• DATA RECORDS:
━━━━━━━━━━

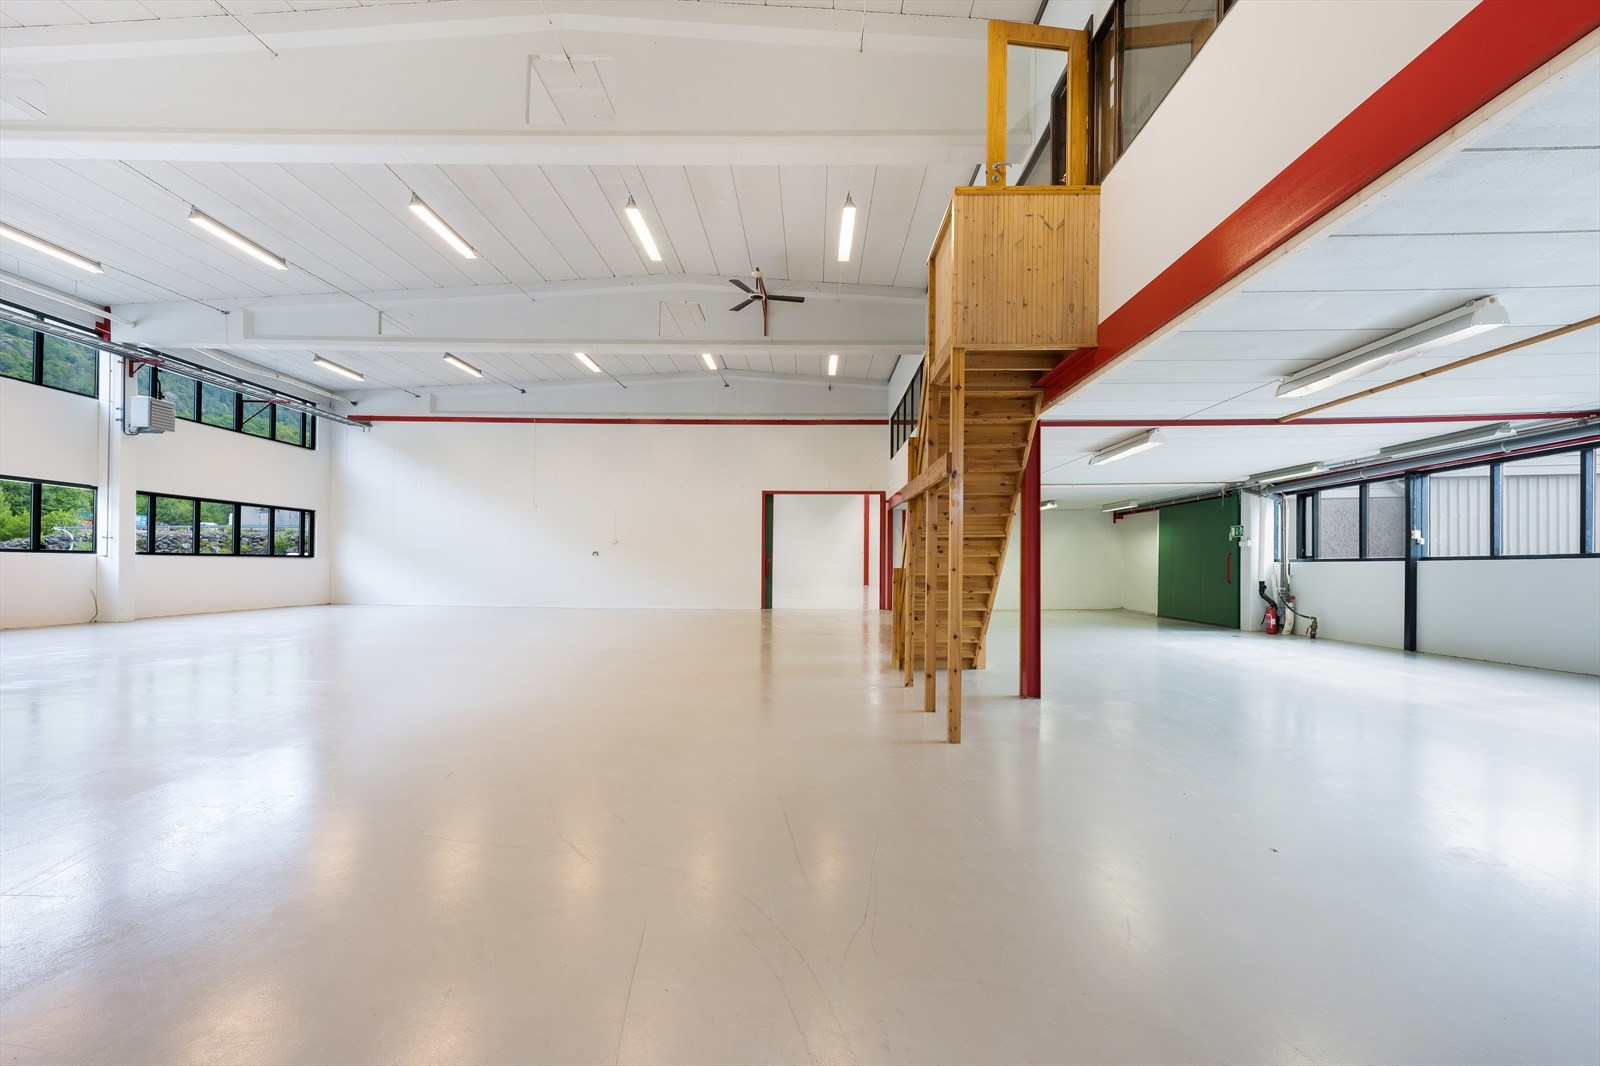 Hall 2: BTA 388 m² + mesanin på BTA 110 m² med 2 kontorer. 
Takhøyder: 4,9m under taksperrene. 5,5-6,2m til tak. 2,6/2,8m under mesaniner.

━━━━━━━━━━

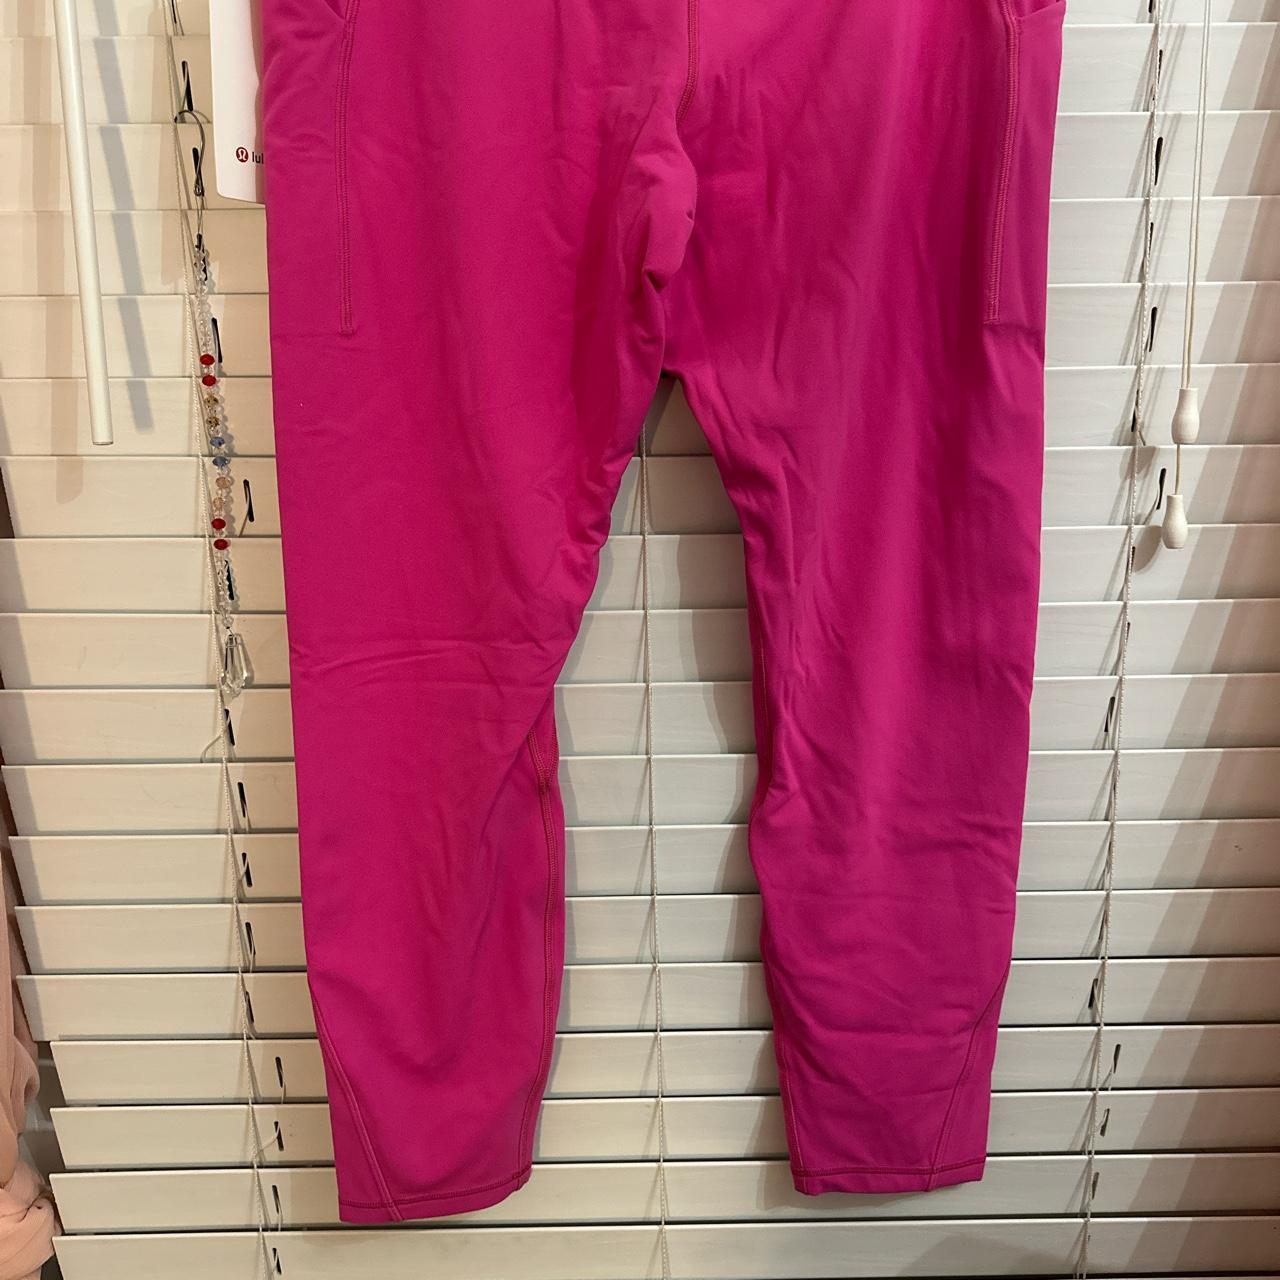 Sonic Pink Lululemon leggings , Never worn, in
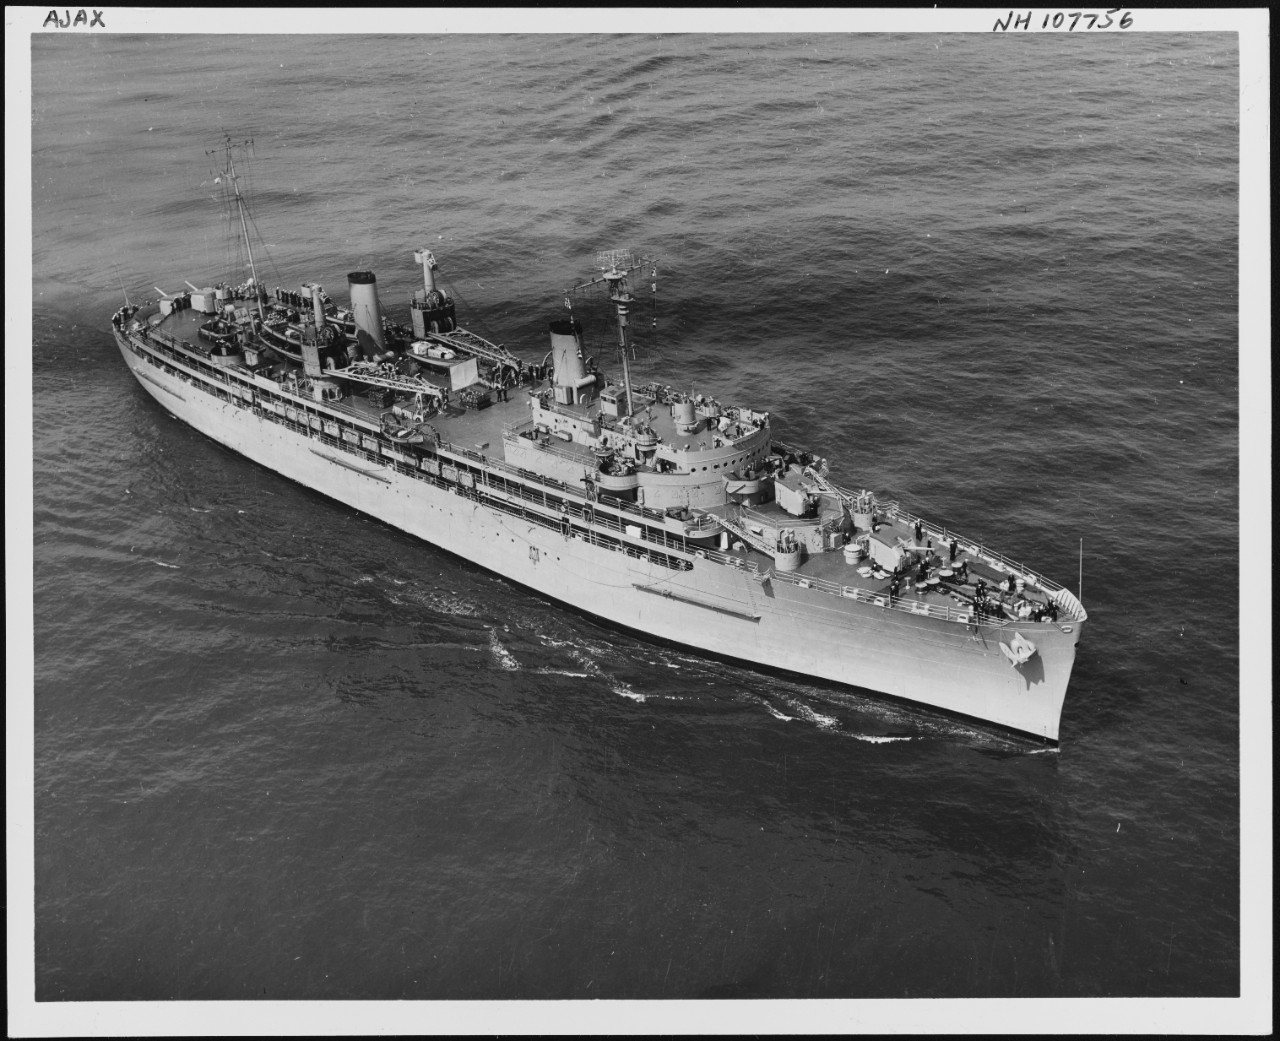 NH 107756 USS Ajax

━━━━━━━━━━

• PROBLEM:
Skipping the pictures, print the lines in the listing above exactly as written, starting at the line with "Hall 2: BTA" and ending at the line with "Takhøyder: 4,9m under", both included.

• OUTPUT:
 Hall 2: BTA 388 m² + mesanin på BTA 110 m² med 2 kontorer. 
Takhøyder: 4,9m under taksperrene. 5,5-6,2m til tak. 2,6/2,8m under mesaniner.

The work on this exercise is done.